According to CBS, scientists have found that pesticides are a cause of the swift decline of the bee population. Whatever the cause, this modern environmental trend called Colony Collapse Disorder is of serious concern to professionals in the field. Bees are, after all, responsible for much of the pollination across Earth, with some crops relying completely on their behavior.
Though it’s still widely disputed that Albert Einstein actually said the following, it certainly sounds serious enough to consider: “If the bee disappeared off the face of the Earth, man would only have four years left to live.”
The patent application itself expounds on the types of methods and systems proposed to alleviate the decline in pollination rates, such as UAVs autonomously collecting pollen from one crop’s flowers and applying it to another, plus secondary drone units with embedded pollen-decking sensors then confirming whether or not those pollinations were successful.

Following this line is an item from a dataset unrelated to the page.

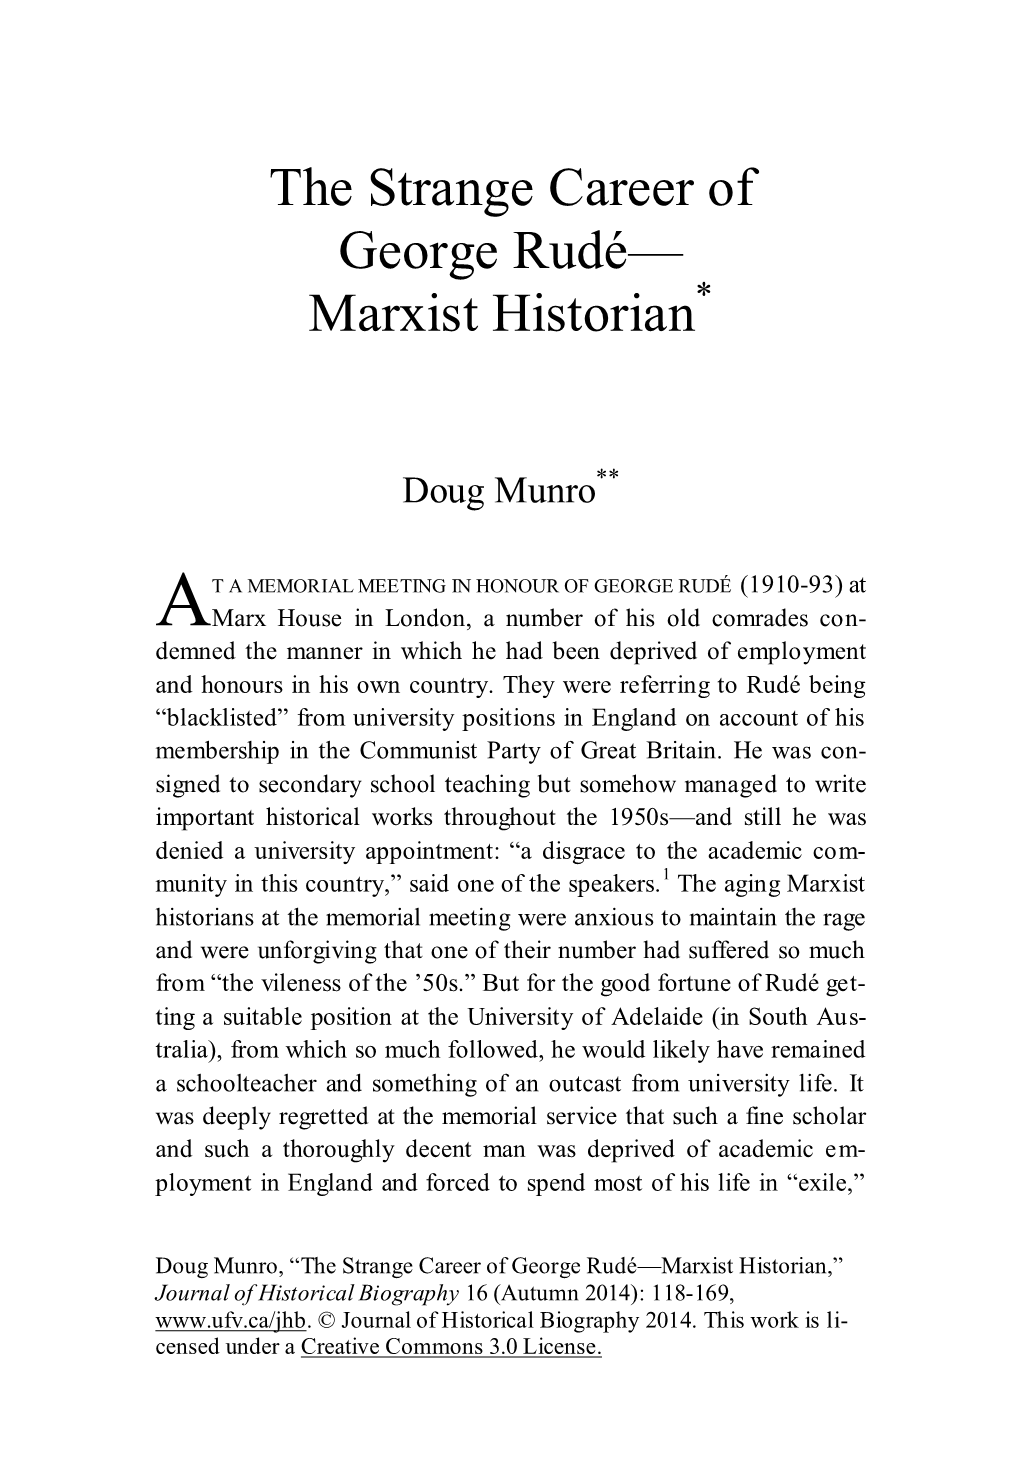 The Strange Career of George Rudé— Marxist Historian*

“We’re always thinking about new concepts and ways that will help us further enhance how we service customers, but we don’t have any further details to share on these patents at this time,” a Walmart spokesman told CBS.

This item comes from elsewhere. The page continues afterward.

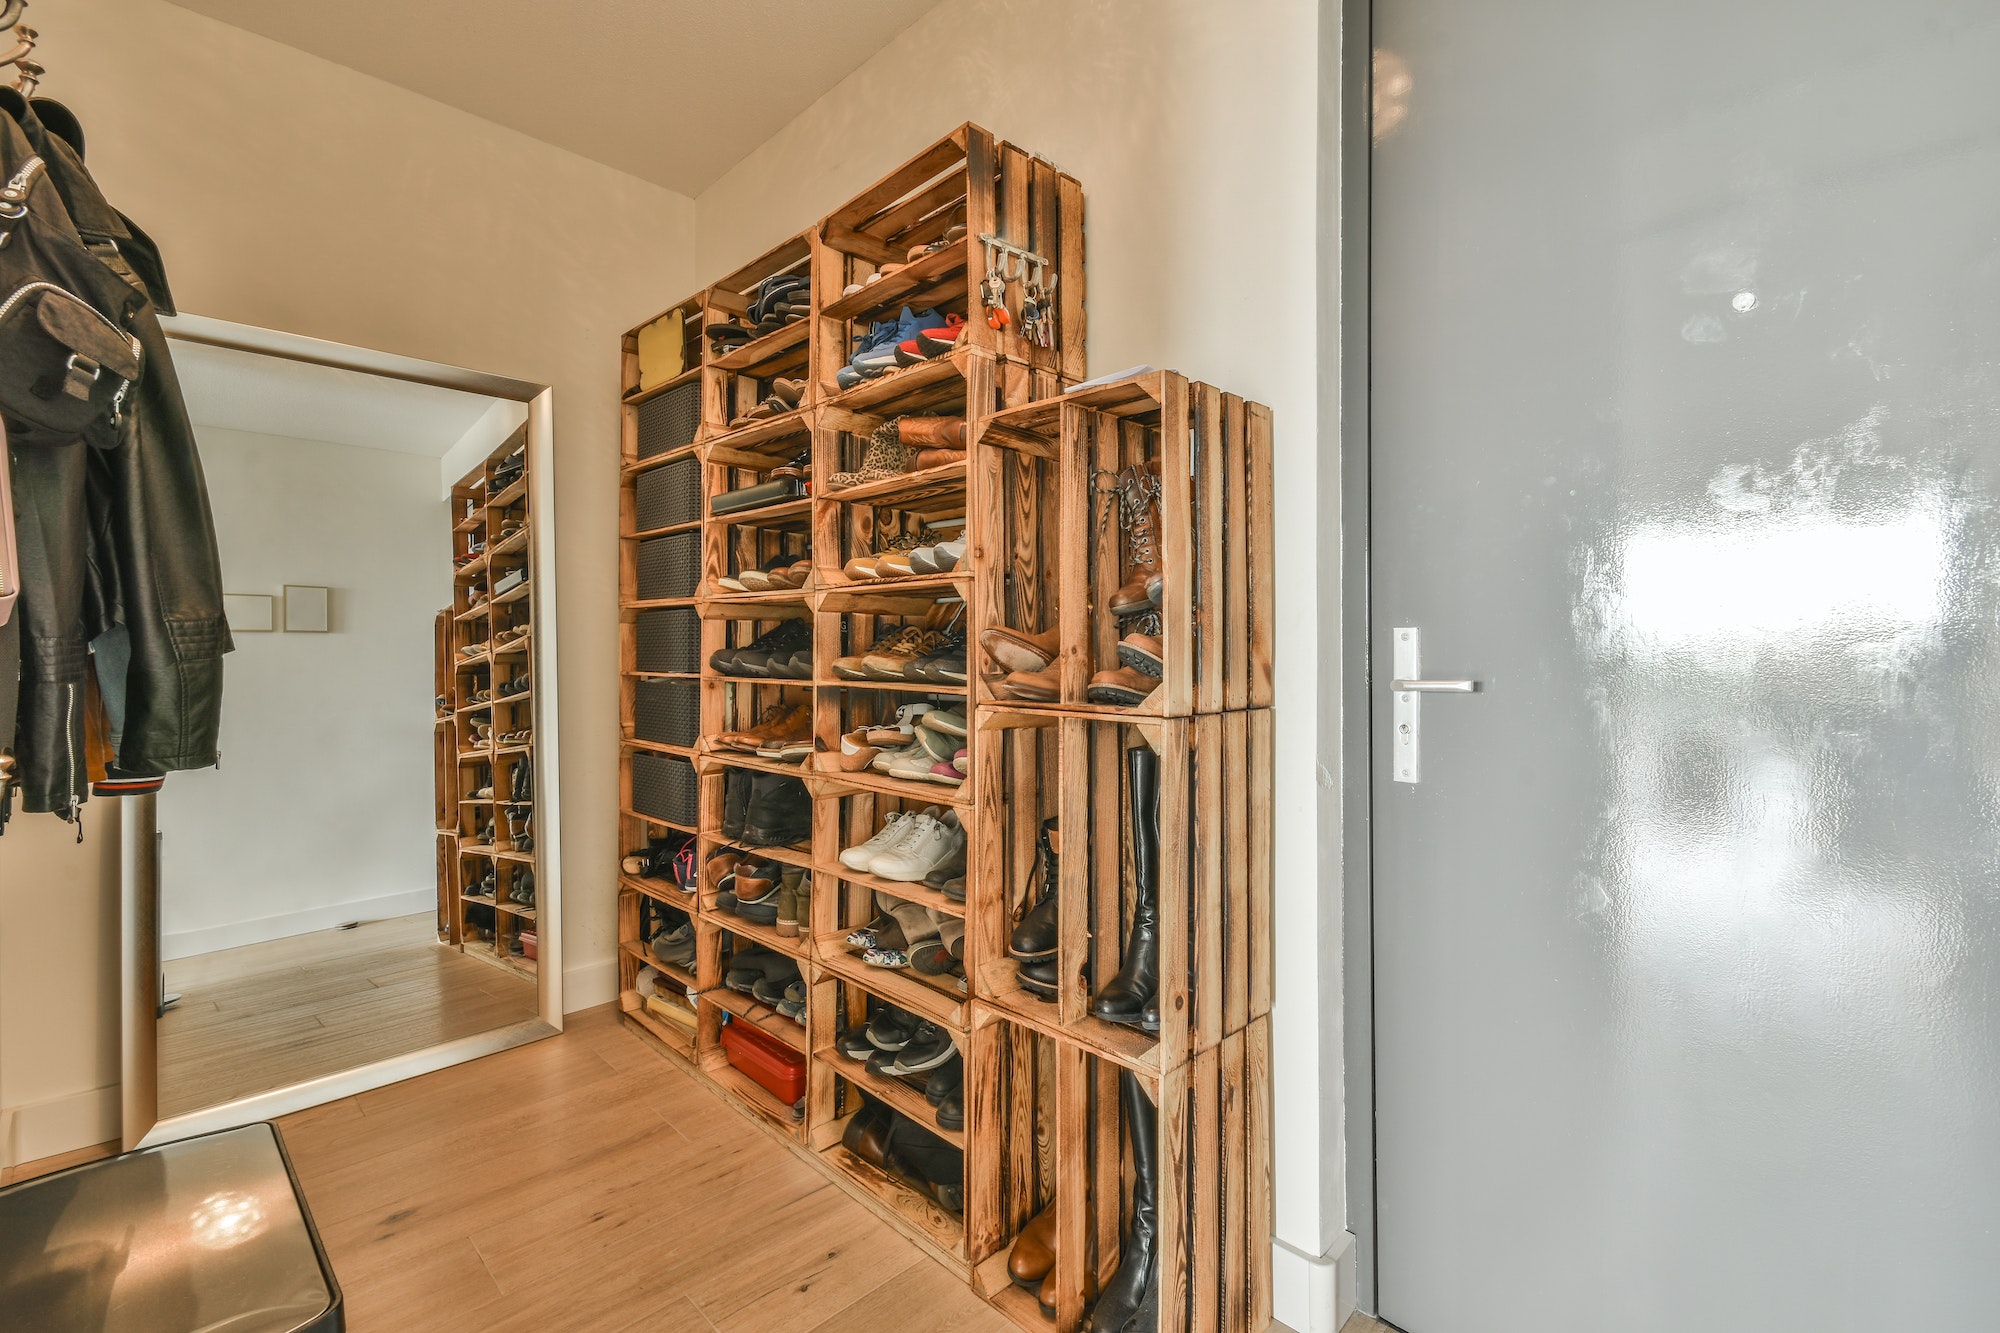 DIY: Build a shoe rack from a closet door

We’ve previously reported on similar environmentally-conscious drone efforts like this, such as the tree-planting UAV intended to combat C02 emissions, or the pellet-dropping drone used to save the black-footed ferret population in Central Montana. While a certain apprehension is healthy, when faced with the news that America’s largest corporation is patenting flying swarms of robot bees, the stated intentions, at this point, indicate a logical, universal motivation: To keep the world spinning.